While the Commission is urging member states to support more burden sharing, the EU’s foreign and defence ministers are pursuing a plan to launch a military campaign targeting migrant smuggling networks operating out of Libya.

EU ministers have approved the plan, which includes capturing and destroying the boats used by smugglers before they are loaded with migrants. But the use of military force requires a resolution from the UN Security Council which has yet to be granted.

Leaked documents outlining the EU plan note the “high risk of collateral damage including the loss of life”. They also acknowledge that disrupting migratory flows in the Central Mediterranean could result in increased migratory flows in other areas such as the Eastern Mediterranean (the route between Turkey and Greece).

Critics of the plan have pointed out both its practical shortcomings – the difficulty of identifying which boats are being used by smugglers and which by fishermen – and its impacts on migrants with few other options but to make use of smugglers’ services.

Amnesty International has warned that destroying smugglers’ operations “would effectively contribute to migrants and refugees being trapped in Libya and expose them to a risk of serious human rights abuses”.

UN Secretary General Ban Ki-moon has also expressed concerns about a military operation.

However, for countries like the UK, France and Spain, the military plan is politically more attractive than the Commission’s proposal that they admit even a small additional number of refugees or asylum seekers.
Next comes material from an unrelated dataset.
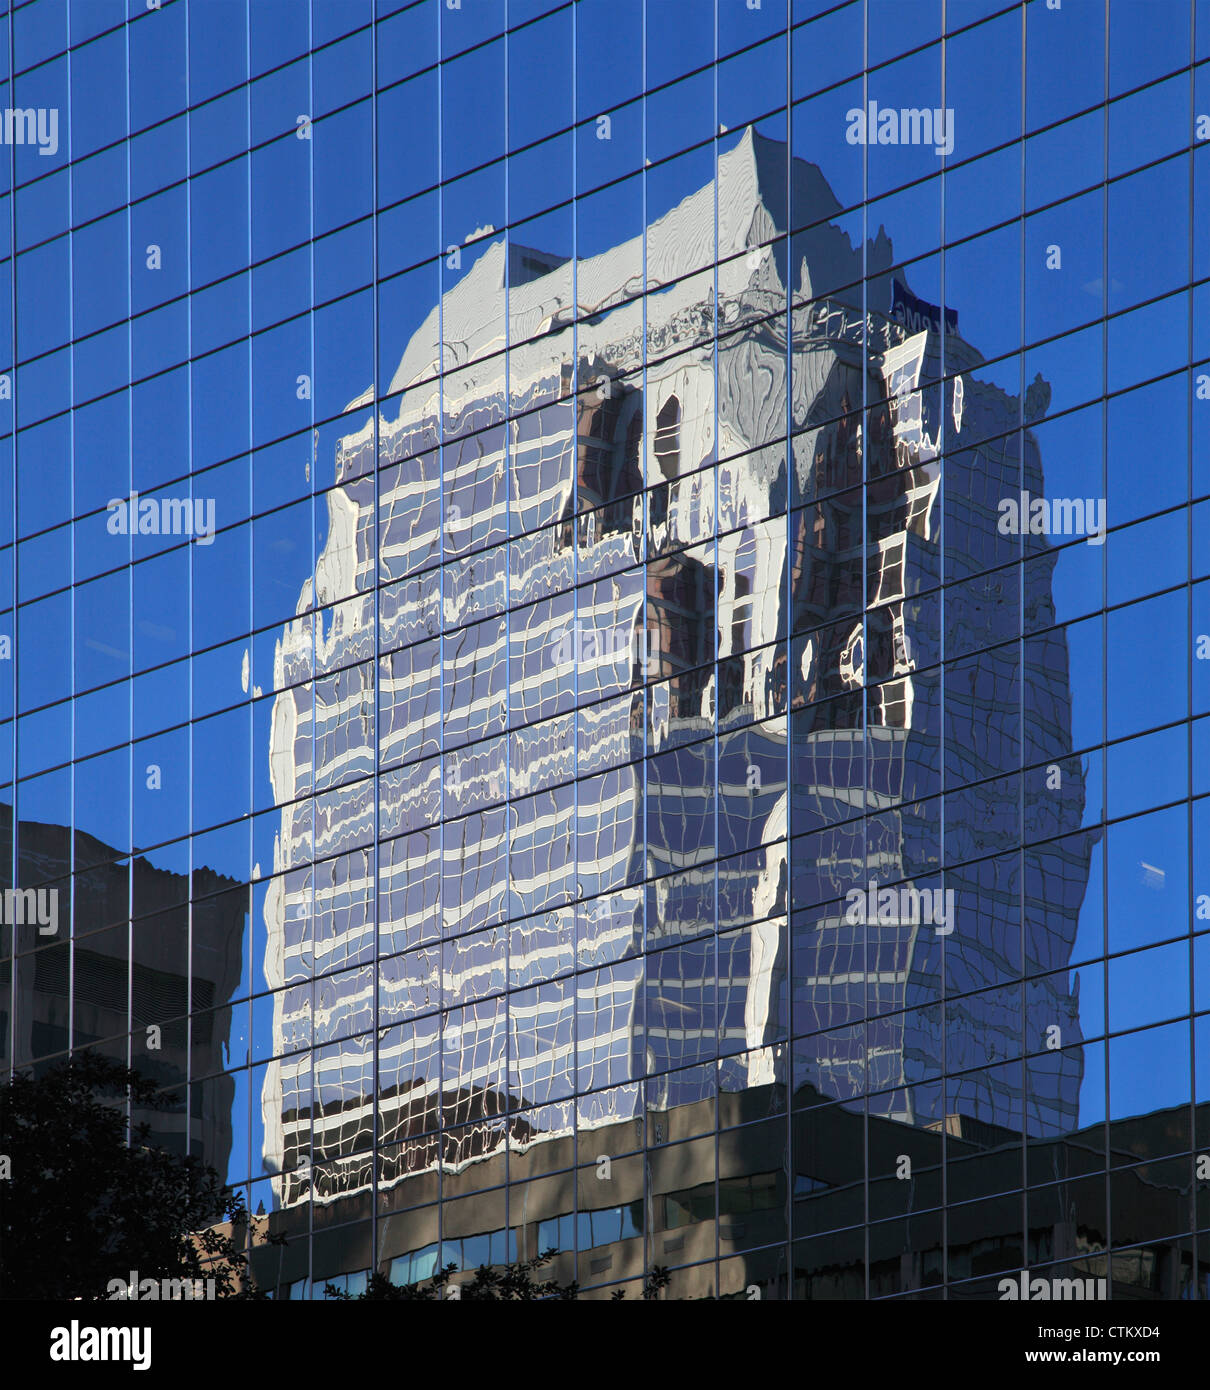 Canada, Quebec, Montreal, skyscraper, reflexion, - Stock Image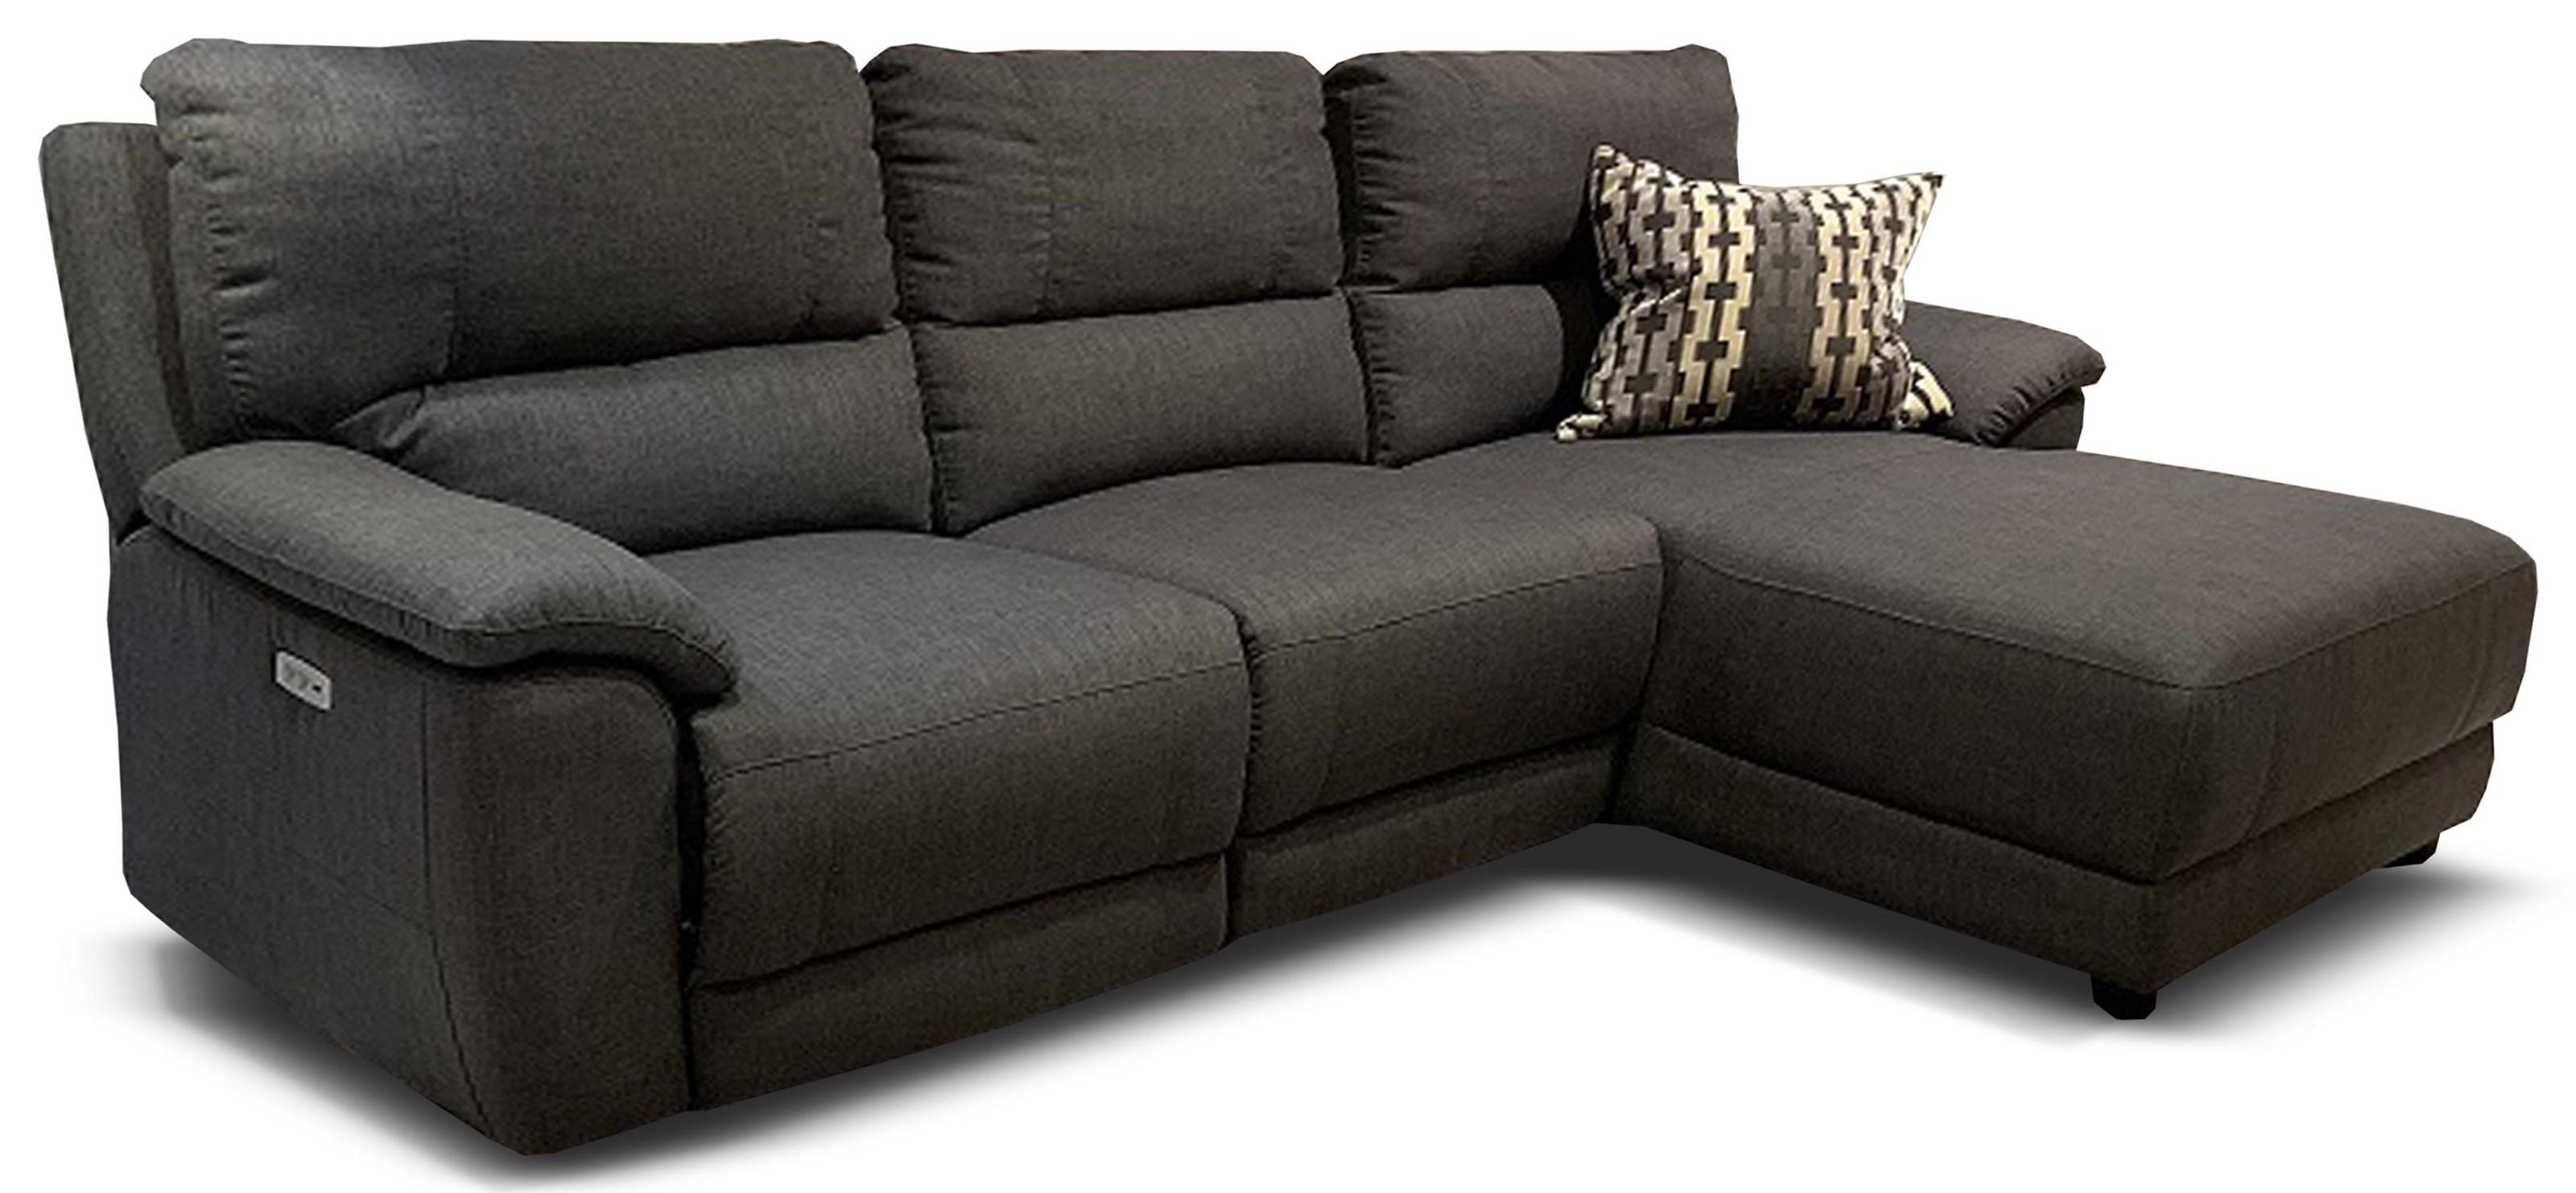 Cullen Cullen Power Sofa Chaise by Abbyson at Morris Home

“It is becoming increasingly clear that EU member states may well reject the Commission’s resettlement and relocation programmes, while supporting the proposal to destroy the smugglers boats by means of military action,” predicted Jeff Crisp, former head of policy and evaluation at UNHCR and now an advisor with Refugees International.

Pollett of ECRE agreed that the Commission’s proposals to create more solidarity within the EU through resettlement and relocation “might not happen”.

“If states aren’t willing to commit to this….then this whole exercise could end up being purely symbolic.”